Todo ello convive con otro foco estratégico: el modelo de vivienda para personas mayores, más conocido como senior living. Black Horse ve en este segmento una demanda creciente de comunidades que combinan "autonomía y asistencia ligera". Se trata de viviendas para personas que continúan trabajando, hacen deporte y mantienen una vida activa, pero que quieren tener servicios sanitarios y de acompañamiento integrados en el mismo edificio.
Y de la tercera edad a los estudiantes, cabe decir que Sant Cugat del Vallès es otro de los puntos donde Black Horse quiere incidir. La firma estuvo a punto de sacar adelante un proyecto, pero las ordenanzas municipales lo frenaron. Ahora trabajan sobre un nuevo suelo, en coordinación con el ayuntamiento, para impulsar una residencia de estudiantes. Bascompte sitúa la futura promoción en el eje entre Sant Cugat y Rubí, en la zona de acceso a los Túneles de Vallvidrera.
Black Horse trabaja para levantar una residencia de estudiantes en Sant Cugat del Vallès, en la zona de acceso a los Túnels de Vallvidrera
El consejero delegado reconoce que el Vallès se está activando en este segmento: "En Cerdanyola se ha abierto recientemente un edificio de vivienda flexible (flex living), y en Sant Cugat mismo hay nuevas iniciativas privadas", apunta. “Los agentes se espabilan para sacar productos que den respuesta a las necesidades de la gente”, añade.
La "tormenta perfecta" del mercado de la vivienda

Cuando es preguntado por el balance del sector, Bascompte se muestra taxativo: el mercado inmobiliario en Catalunya y en España opera bajo una “tormenta perfecta”. Por un lado, hay una "escasez estructural de suelo y una industria constructora limitada, capaz de producir solo 100.000 viviendas anuales en todo el Estado, ante una demanda que requiere 200.000". "La acumulación de viviendas no atendidas supera los 700.000", denuncia.

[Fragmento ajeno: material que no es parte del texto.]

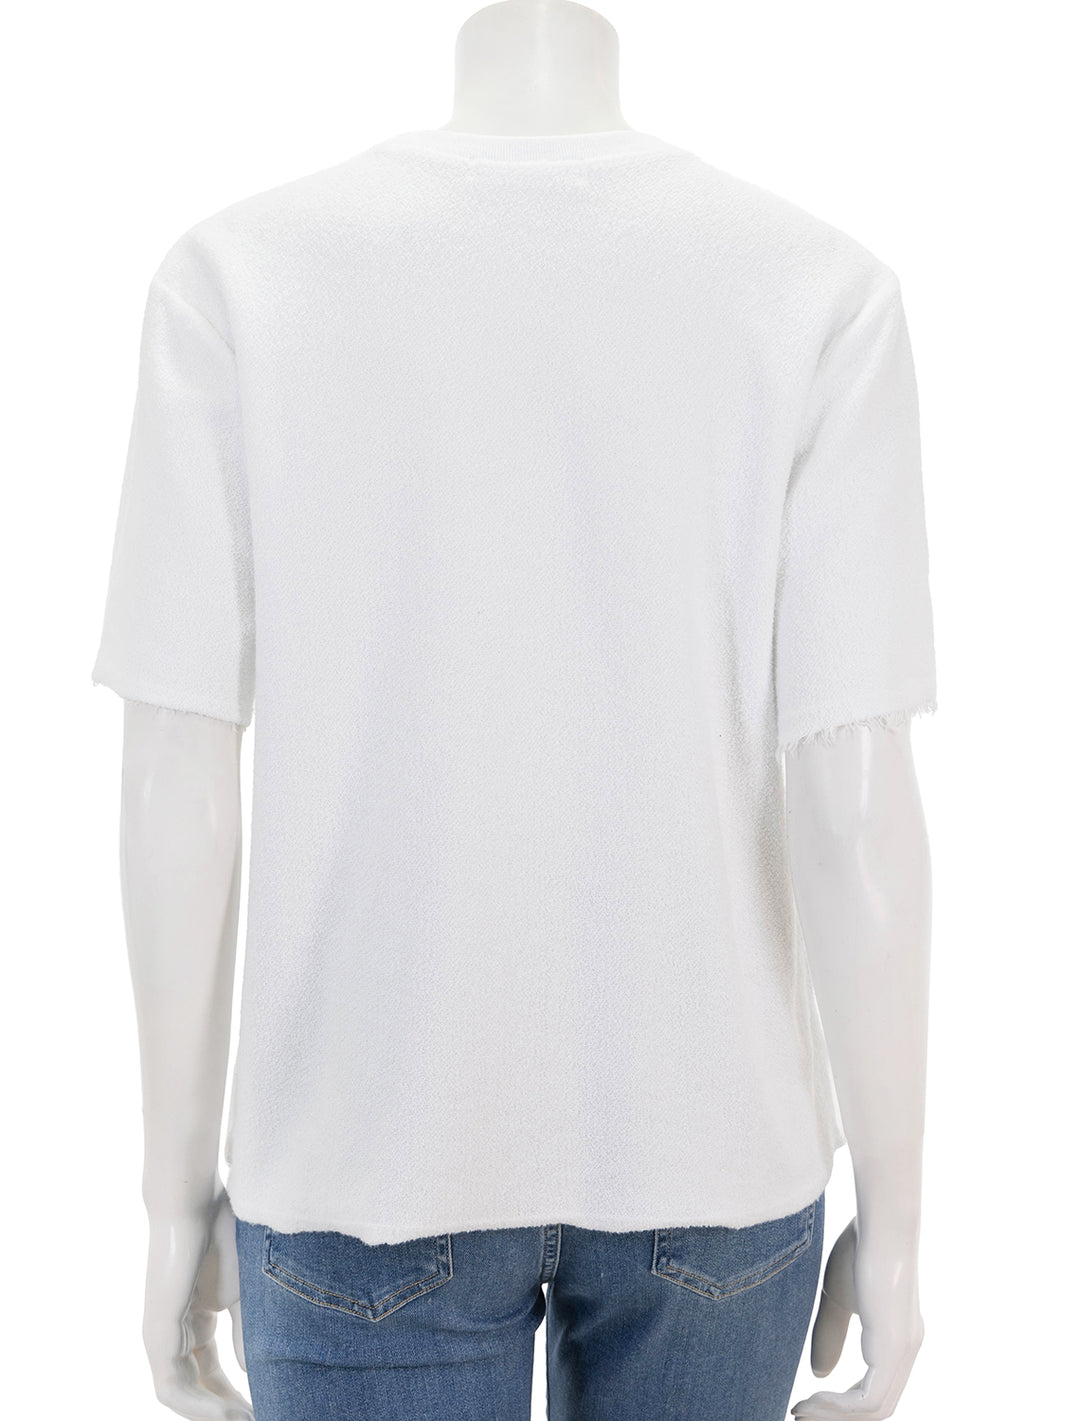 Back view of Perfectwhitetee's demi french terry t-shirt in white.
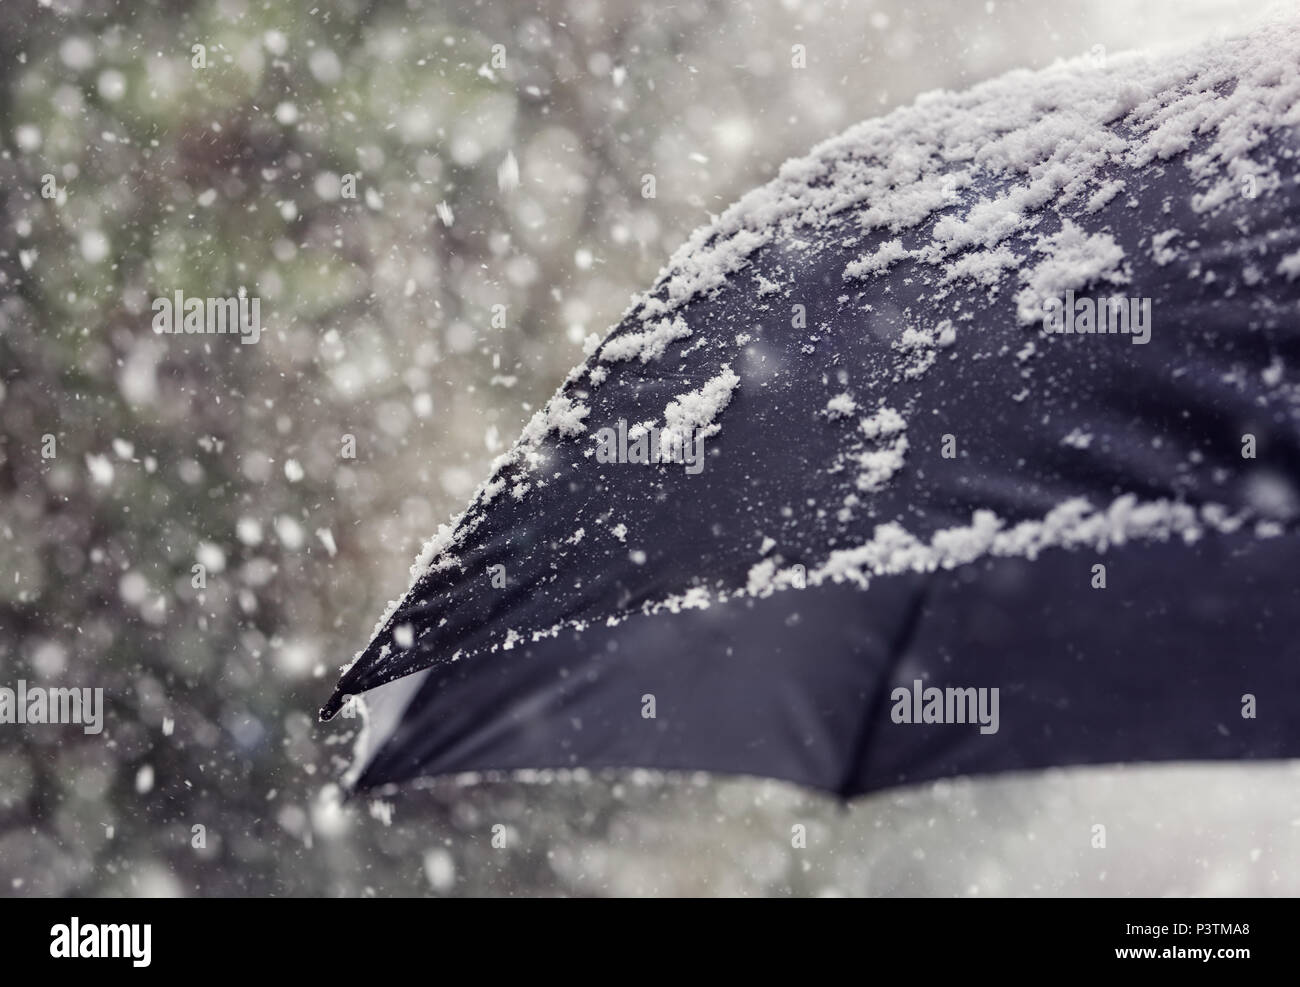 Snow flakes falling on a black umbrella concept for bad weather, winter or snowing blizzard Stock Photo

A esto se añade la "complejidad regulatoria" y unos plazos de licencias que a menudo superan los "dieciocho meses, y pueden llegar a ascender hasta los 30. Es imposible trabajar así", lamenta. El cuarto factor es la capacidad salarial: sueldos que no crecen, ahorro limitado y dificultad real para acceder a una vivienda. El resultado es un mercado en el que la oferta no puede crecer y la demanda no puede comprar, con la consiguiente presión sobre los precios. ¿Los deberes? "Facilitar las cosas a los promotores y subir salarios", resume.
Bascompte: "Hay una escasez de suelo y una industria constructora limitada, capaz de producir solo 100.000 viviendas anuales en todo el Estado, frente a una demanda que requiere 200.000"
En el segmento de lujo, pero, hay un elemento adicional: la geopolítica. Conflictos como la guerra de Ucrania o la tensión en el Próximo Oriente alteran los flujos de inversión internacional y desplazan compradores de un mercado a otro. “Si un inversor que puede comprar en París, Londres, Dubái o Miami ve un conflicto en una zona, se mueve hacia otra”, explica. A esto se suma la volatilidad global: tipos de interés cambiantes, costes de transporte y materias primas que suben entre un 3% y un 5% en cuestión de semanas. “Yo paso una oferta hoy, y mañana es más cara”, concluye.
En un horizonte de cinco años, Bascompte prevé la entrada de fondos de inversión que acompañen la expansión actual, sustentada hasta ahora por family offices. Todo ello, sin perder la esencia: crecer en el segmento de lujo y servicios, pero mantener siempre un pie firme en el compromiso social. Un equilibrio que, en palabras de Bascompte, "va mucho con nuestra manera de ser".